The first, traverse all data sets to calculate a loss function, then calculate the function of the gradient of each parameter, update the gradient. This method every time the parameter is updated to see all the samples in the dataset, the computational overhead, the calculation is slow, not support online learning, which is called batch gradient descent, batch gradient drop .
Another, if you look at a data loss function, and then the gradient update parameters, this is called random gradient descent, stochastic gradient descent . This method is faster, but the convergence performance is not very good, may be around the most advantages of dangling, hit less than the most advantageous. The two-time parameter update may also cancel each other out, causing the target function to oscillate more violently.
in order to overcome the shortcomings of the two methods, now generally used is a compromise, mini-batch gradient decent, small batches of gradient descent, this method divides the data into several batches, by batch to update the parameters, so that A group of data in a batch determines the direction of the gradient, which is not easy to run off and reduces randomness. On the other hand, because the number of batches is much smaller than the entire data set, the computational amount is not very large .
Basically now the gradient drop is based on mini-batch, so Keras often appear in the module batch_size, that is to refer to this.
by the way, the optimizer used in Keras SGD is the abbreviation for stochastic gradient descent, but does not mean that a sample is updated one time, or is based on Mini-batch.

Contact Us

The content source of this page is from Internet, which doesn't represent Alibaba Cloud's opinion; products and services mentioned on that page don't have any relationship with Alibaba Cloud. If the content of the page makes you feel confusing, please write us an email, we will handle the problem within 5 days after receiving your email.
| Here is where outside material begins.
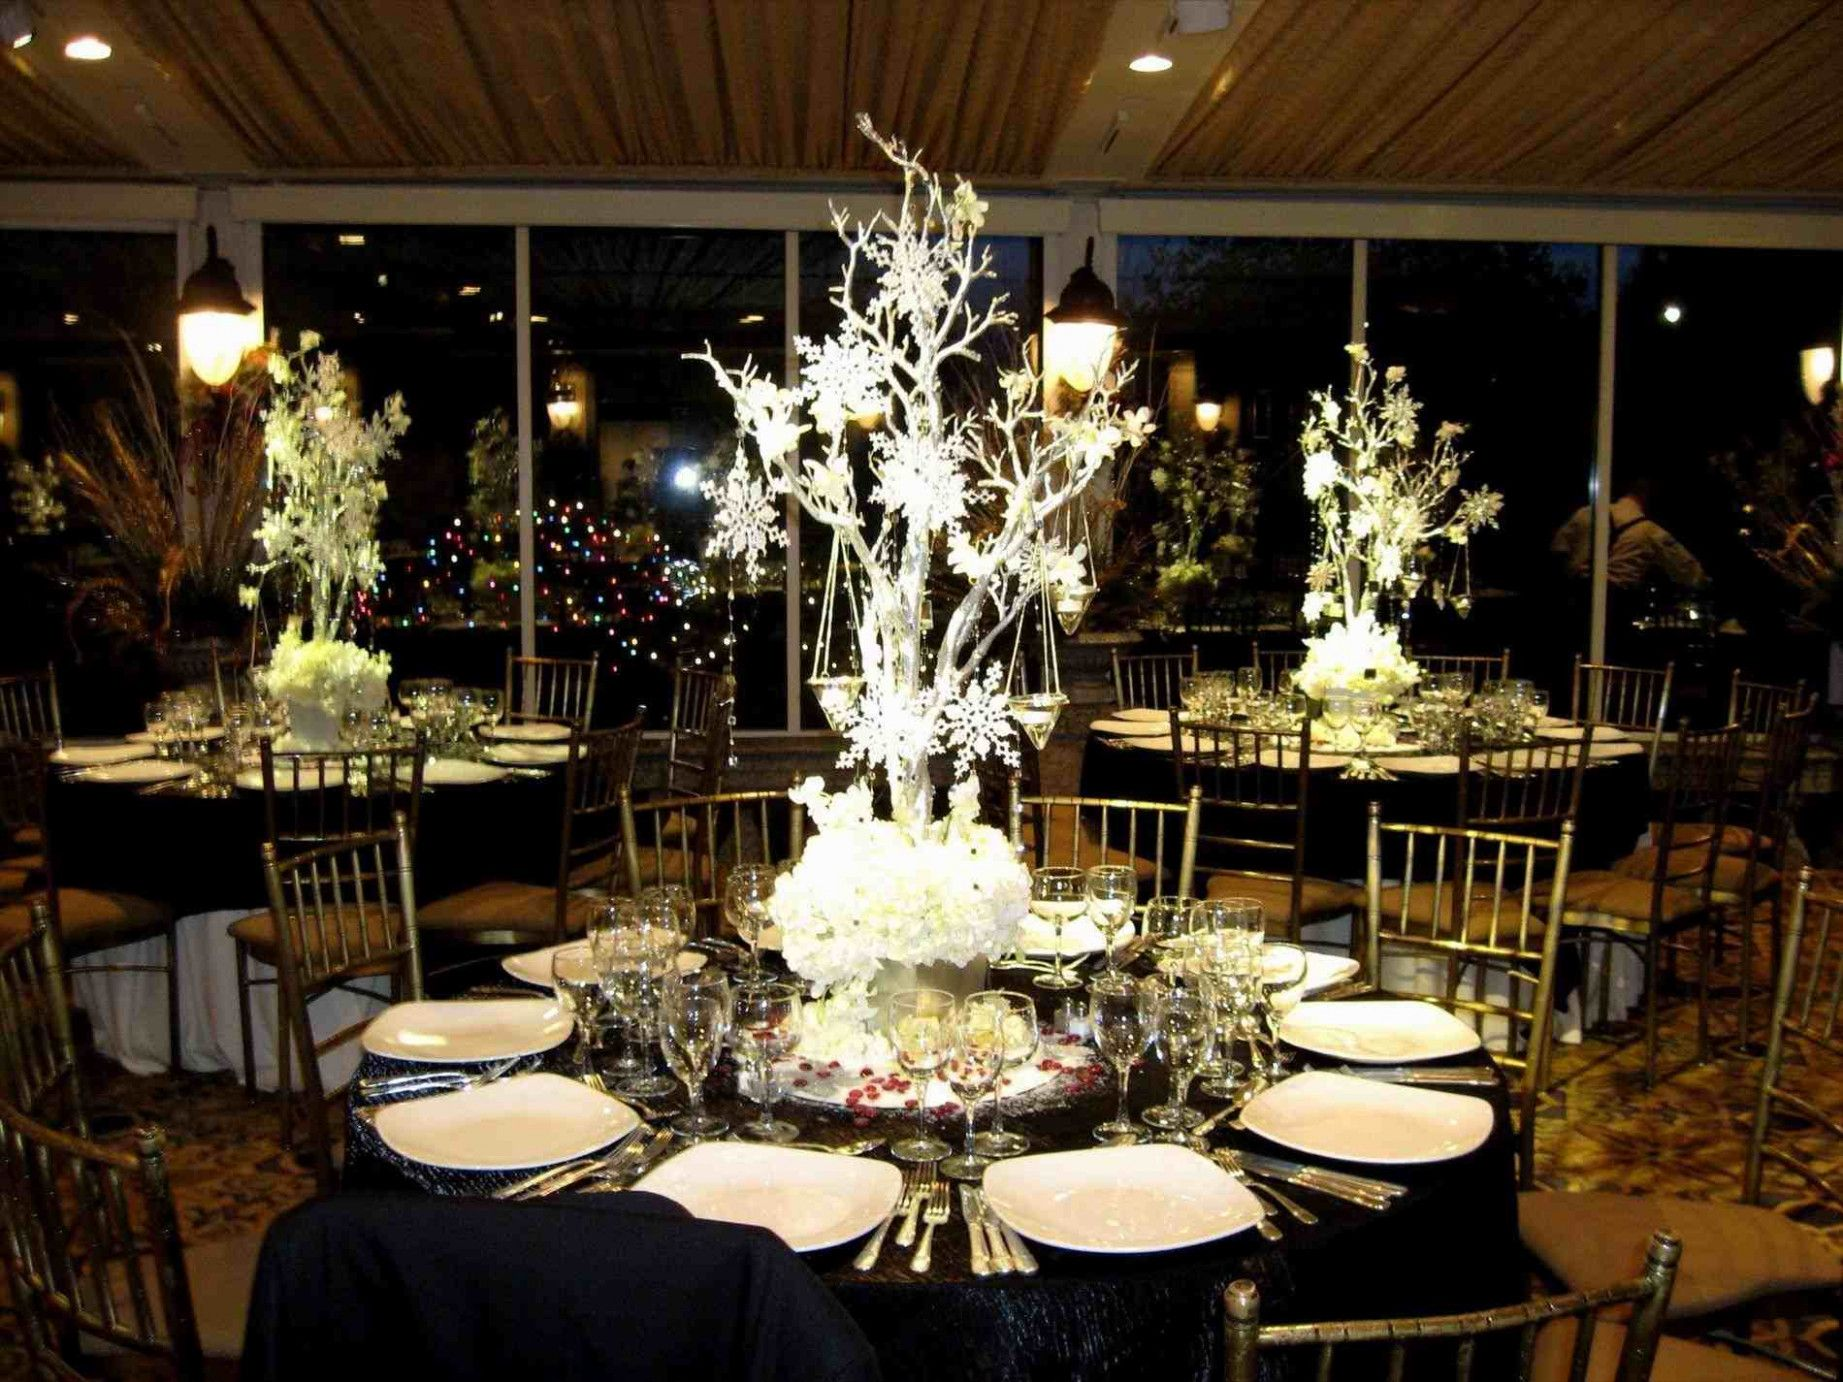 Wedding Table Ideas On A Budget Decoration Siudy 2 Smartvaforu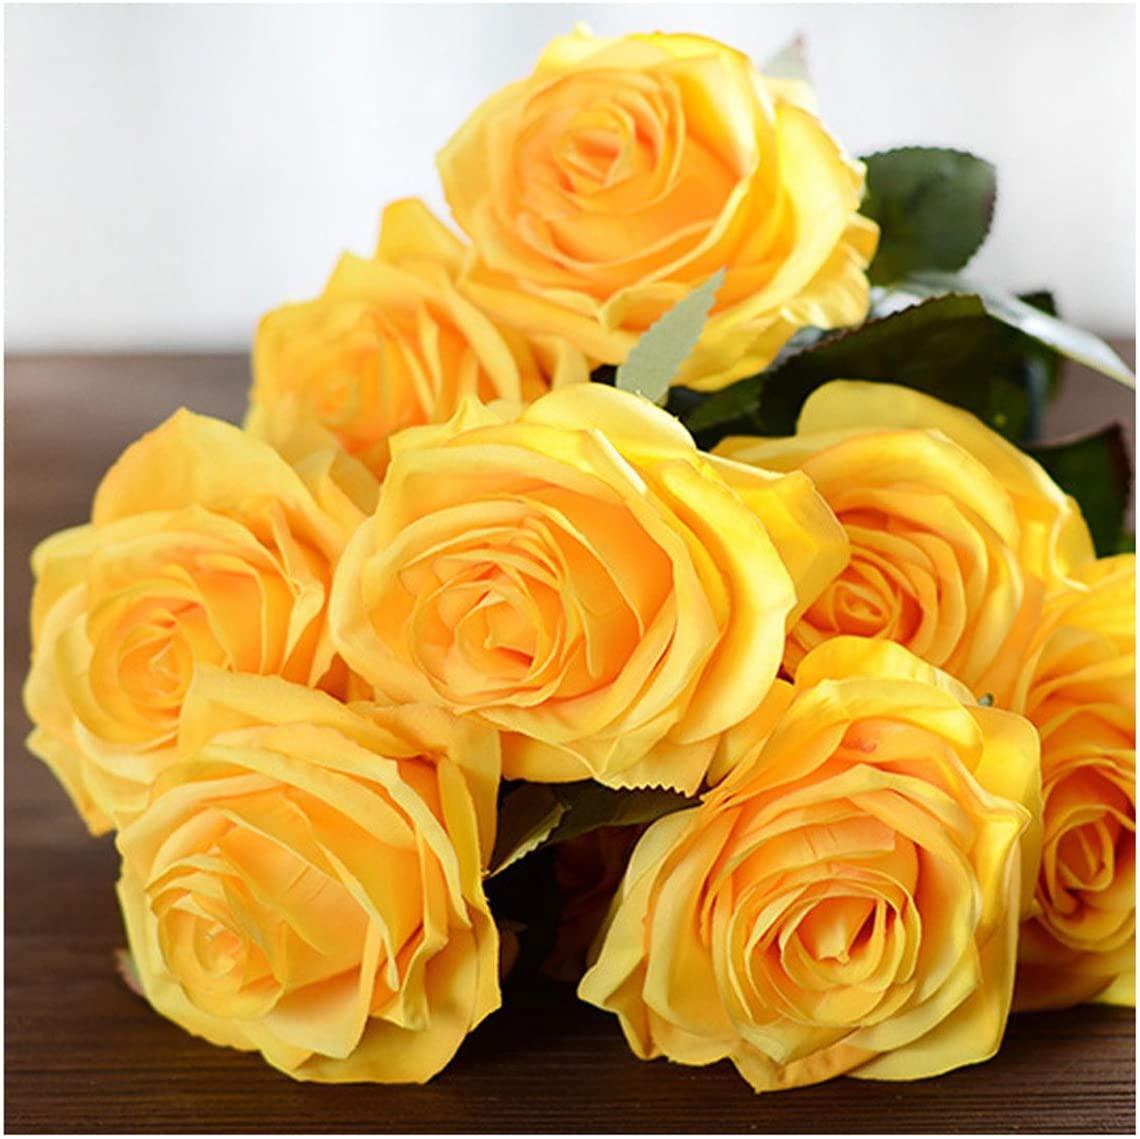 ECYC Rose Floral Bouquet Rayon Fake Flower Flower Arrangement Table Wedding Flowers Decoration Party Accessories

If you find any instances of plagiarism from the community, please send an email to: info-contact@alibabacloud.com and provide relevant evidence. A staff member will contact you within 5 working days.

A Free Trial That Lets You Build Big!

Start building with 50+ products and up to 12 months usage for Elastic Compute Service

  • Sales Support

    1 on 1 presale consultation

  • After-Sales Support

    24/7 Technical Support 6 Free Tickets per Quarter Faster Response

  • Alibaba Cloud offers highly flexible support services tailored to meet your exact needs.